Despite never having ruled on the island, where the Kuomintang retreated in 1949 after being defeated by the Communists in China’s civil war, the Communist Party promotes the idea that there has always been “one China,” which includes Taiwan. The notion is instilled in children’s education and used as a lens through which to scrutinize the communications of multinational companies. Although calls within China to “reunite with Taiwan” aren’t new, there has been a spike in such sentiment, some of it directed at Taiwanese business figures or personalities like Hsu.

Despite Hsu’s general silence on politics—apart from criticizing Taiwan’s president in June due to the shortage of vaccines—Chinese commenters have accused her of supporting Taiwan’s independence. Many comments on her Weibo page tell her never to come back to China if she’s not willing to live in the country with her children full time. There are sympathetic voices toward Hsu as well, mostly from Chinese women who feel Wang is exploiting patriotism to promote his business even at the cost of his wife’s feelings, and who say she has sacrificed too much for the marriage.

Alongside the more emphatic rhetoric, China has increased its shows of force around the island. In the first week of October, starting on China’s Oct. 1 National Day, it sent some 150 military aircraft into the island’s Air Defence Identification Zone, a buffer area Taiwan monitors outside its sovereign airspace.A Taiwanese professional who lives in Hong Kong said he had noted the change, even though “the threat of war from China has always had a strong presence.” “I’m pretty used to the talk of ‘recovering Taiwan’ from the Chinese side, but the frequency of such talk seems to have increased recently,” he said, asking not to use his name.

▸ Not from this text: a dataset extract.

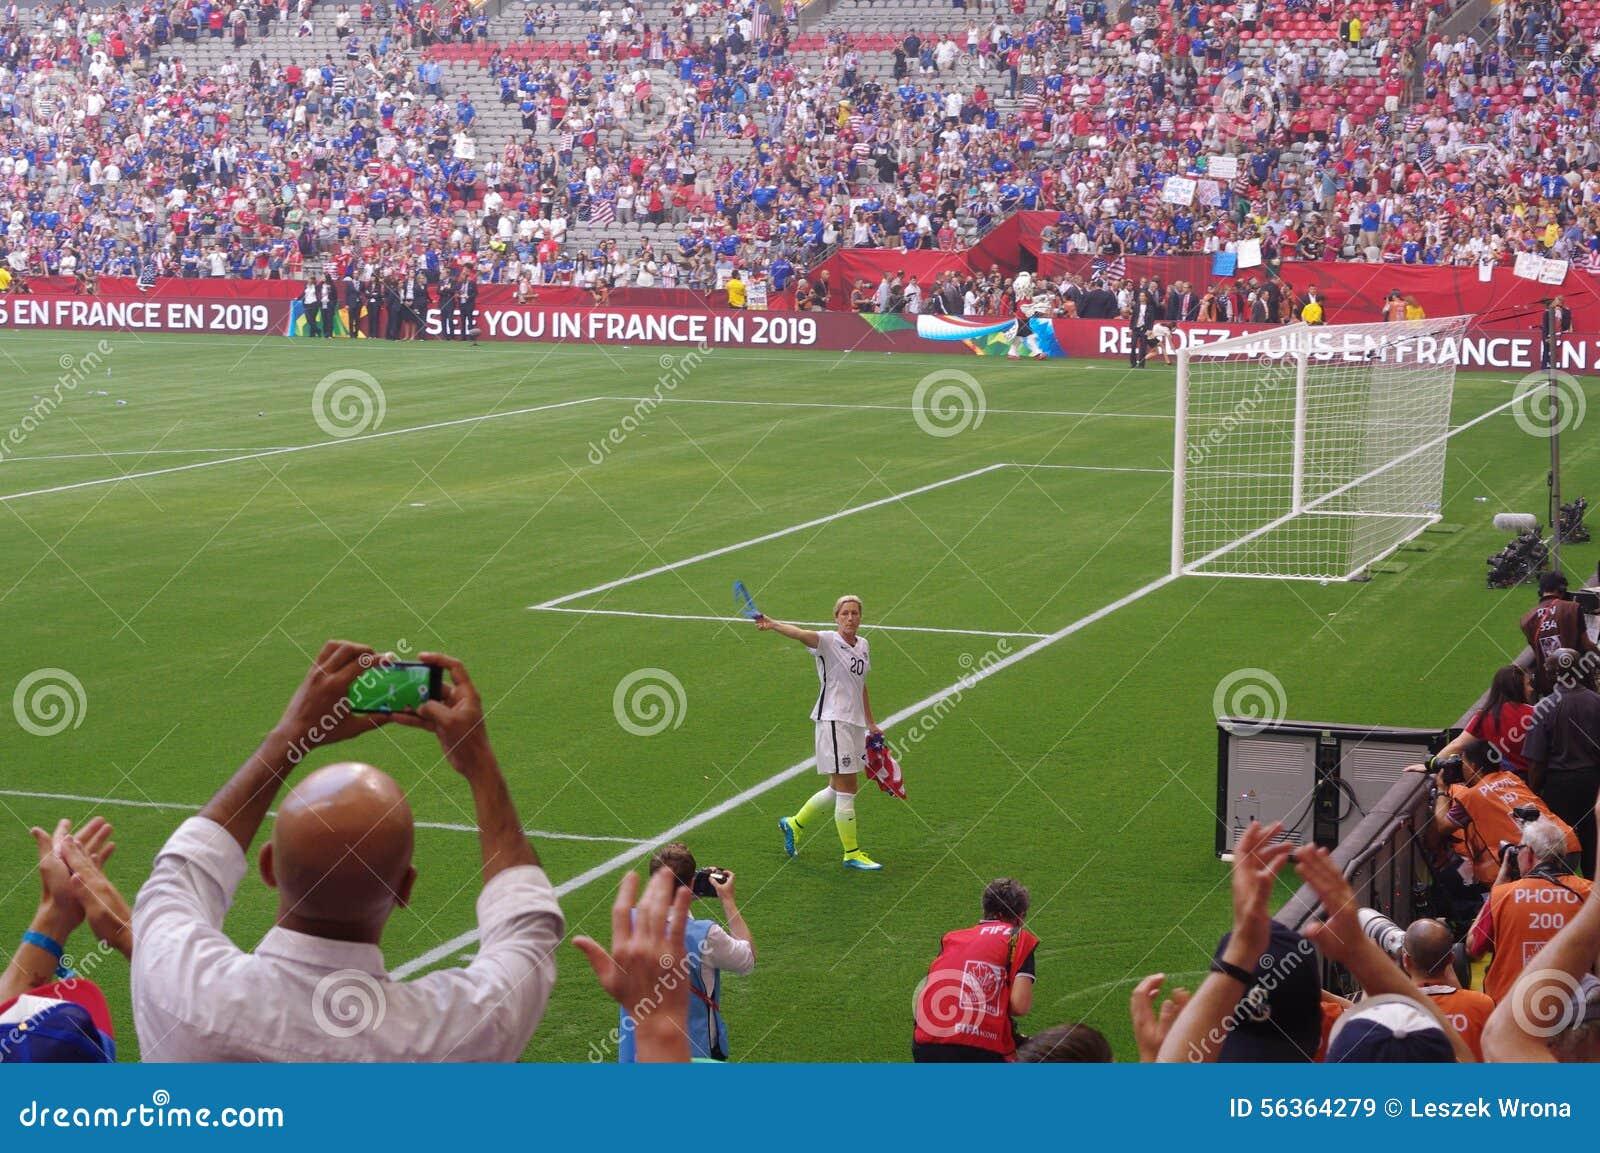 L Equipe De Football De Femmes Des Usa Celebrent Gagner La Coupe Du Monde 2015 De La Fifa Image Stock Editorial Image Du Celebrent Football 56364279

Relations have been on the downswing since 2016, after the election of president Tsai Ing-wen, of the independence-leaning Democratic Progressive Party. Taiwan’s increasing closeness to the US, which made $5 billion in arms sales to the island in 2020, has also irritated Beijing. President Joe Biden recently rattled Beijing by saying he is committed to defending Taiwan in case of an attack by China—a departure from the US stance of strategic ambiguity on the matter (The White House later walked back the statement).